There have been a few minor additions to this code since, for special cases.5 The rare amino acids pyrrolysine and selenocysteine are sometimes assigned the letters O and U, respectively. Both of these letters were originally discarded for legibility issues, but that hardly seems relevant nowadays. The letter J is also sometimes used to mean either isoleucine or leucine in situations when they can’t be distinguished. All of which is excellent news for people whose names start with J and O who happen to want to draw out their peptide chain signatures!

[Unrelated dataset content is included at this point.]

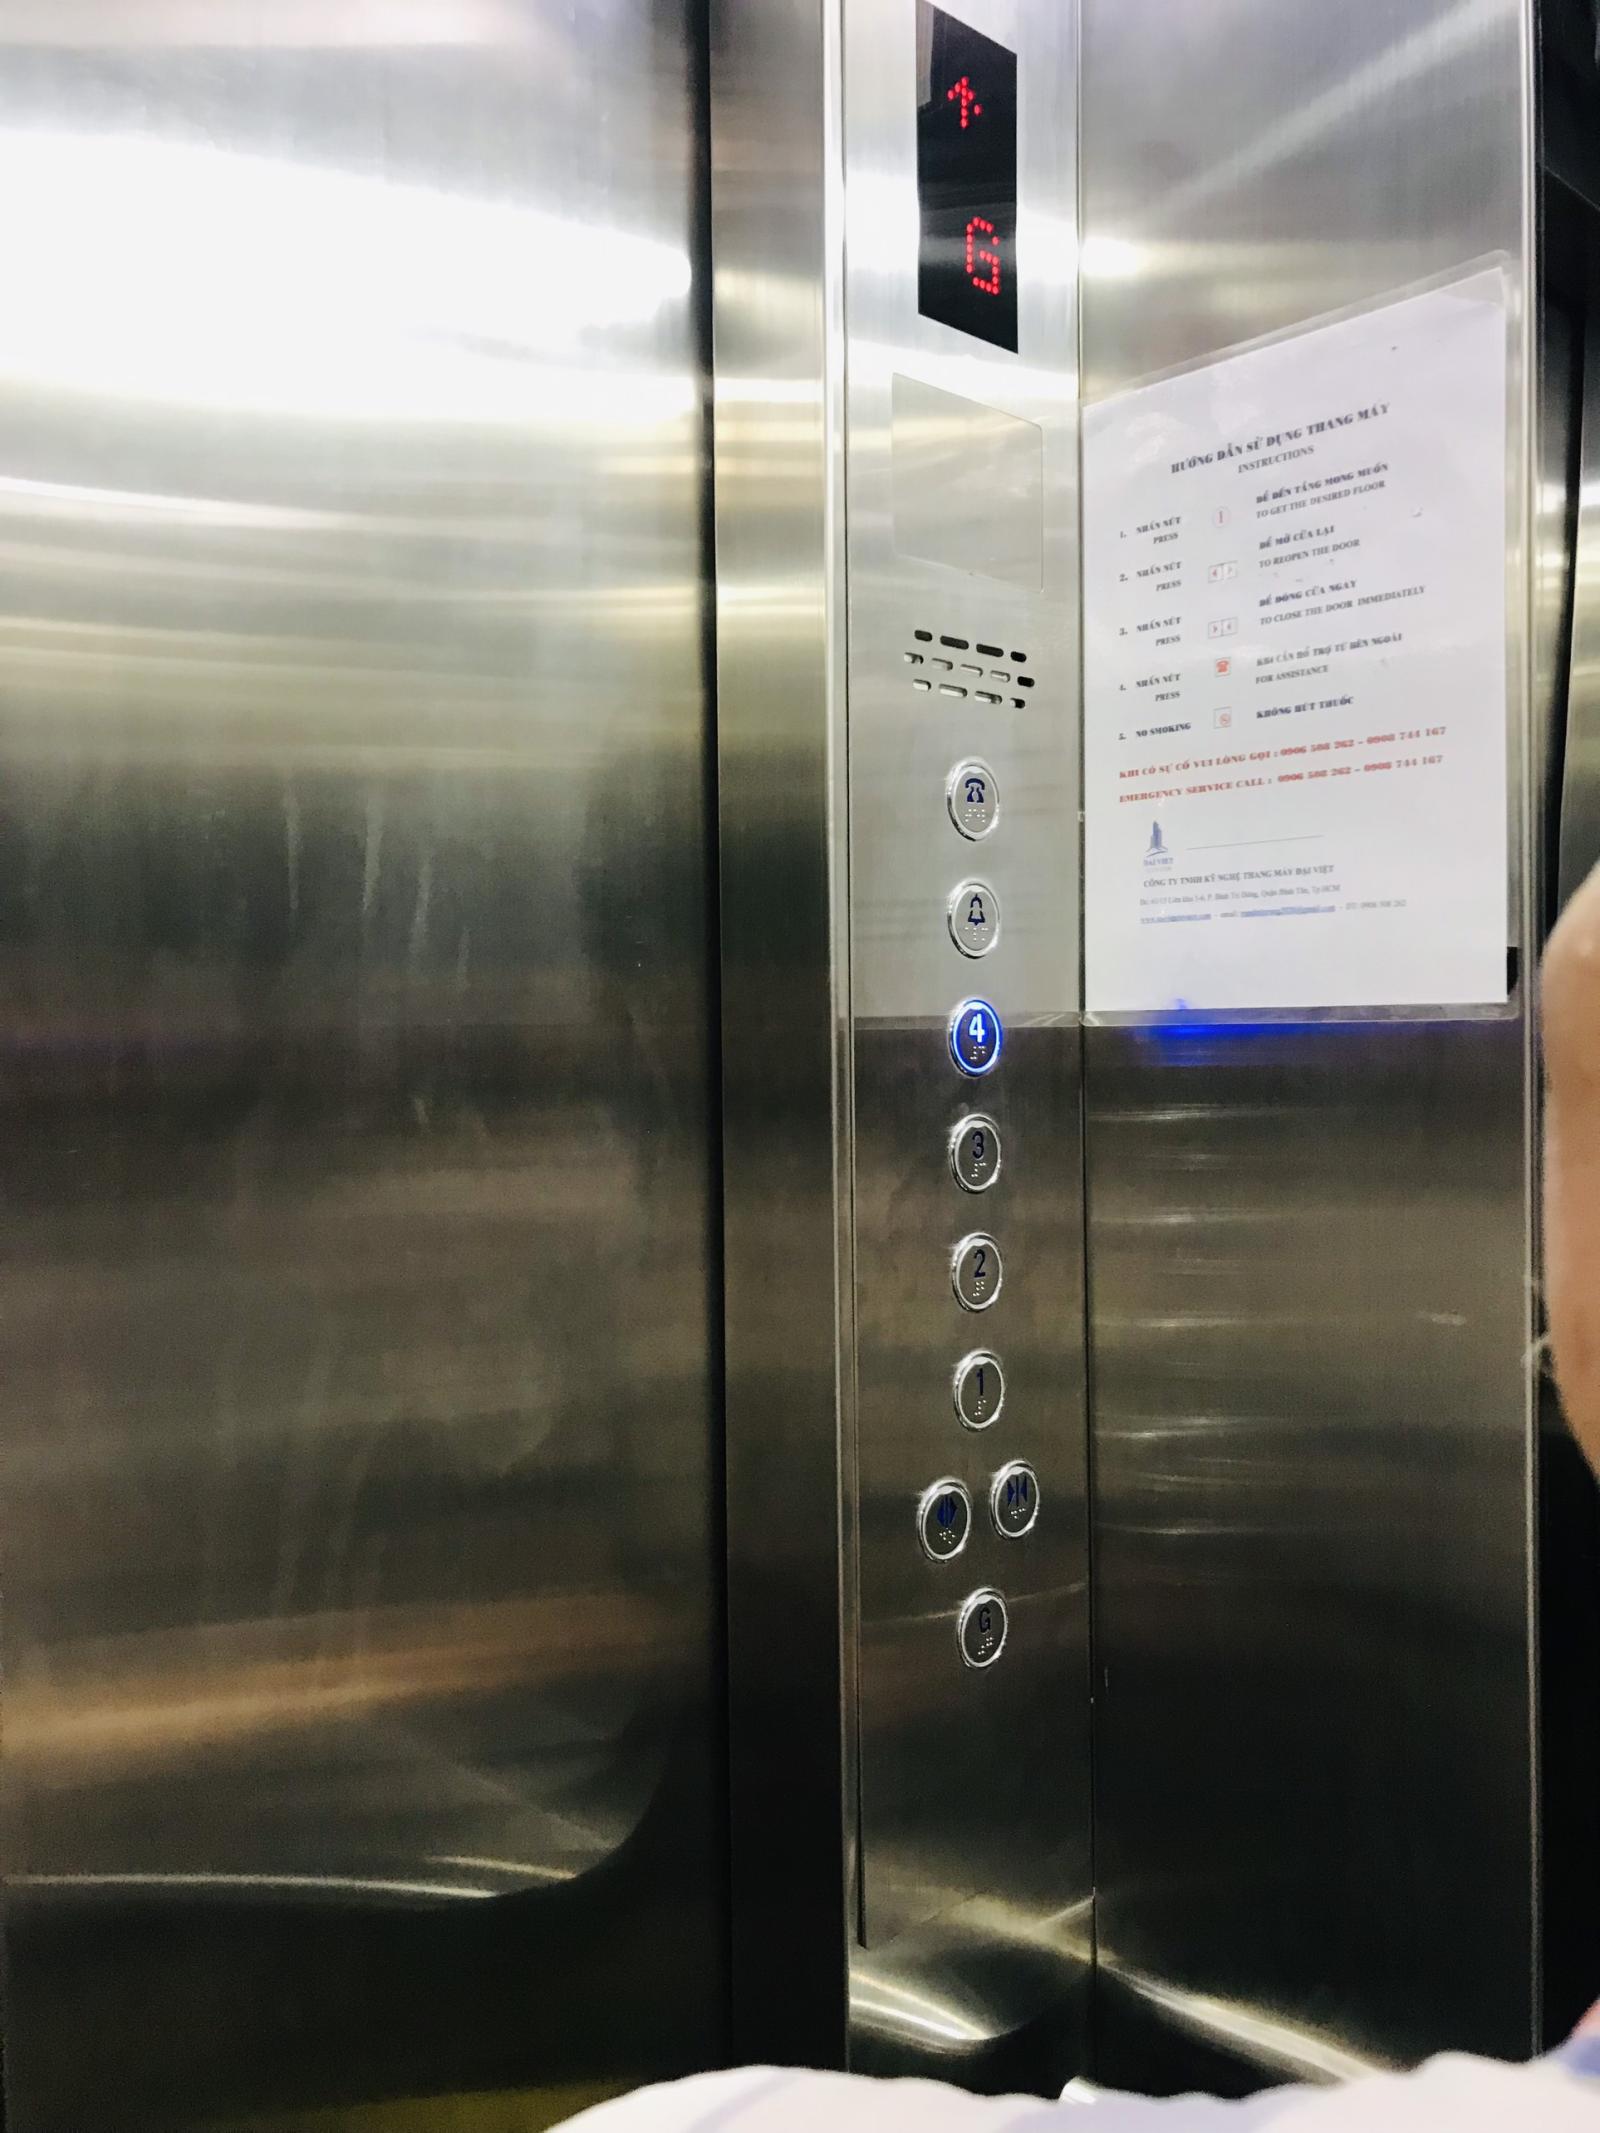 TÔI HẾT TIỀN! Bán nhà 65m2 mặt tiền Nguyễn Khuyến-Có thang máy trong nhà-Tặng Full nội thất xuất xứ JAPAN-Giá chỉ 11.5T TL.

1. Fischer E, Suzuki U. Synthese von Polypeptiden. III. Derivate der α-Pyrrolidincarbonsaure. Berichte der Dtsch chernischen Gesellschaft. 1904;37:2842-2848.
2. Hoffmann-Ostenhof O, Cohn WE, Braunstein AE, et al. IUPAC-IUB Commission on Biochemical Nomenclature. A One-Letter Notation for Amino Acid Sequences. J Biol Chem. 1968;243(13):3557-3559. doi:10.1021/bi00848a001. URL:https://www.jbc.org/content/243/13/3557.long
3. Šorm F, Keil B, Vaněček J, et al. On proteins. LXIII. Lower structures in the chains of proteins. Collect Czechoslov Chem Commun. 1961;26(2):531-578. doi:10.1135/cccc19610531. URL:http://gen.lib.rus.ec/scimag/10.1135%2Fcccc19610531
4. Dayhoff MO. Atlas of Protein Sequence and Structure. 4th ed.; 1969. https://play.google.com/books/reader?id=6_AG_Q8cXIwC&hl=en_GB&pg=GBS.RA4-PA2URL:https://play.google.com/books/reader?id=6_AG_Q8cXIwC&hl=en_GB&pg=GBS.RA4-PA2
*It is possible that the explanations I am suggesting are post-rationalisations in the 1969 edition of the Atlas of Protein Sequence and Structure were already present in the 1965 or 1967–8 editions and contributed towards the rules put forward by the committee. However, these versions are not available as ebooks and at time of writing going to find these in a library isn’t really an option.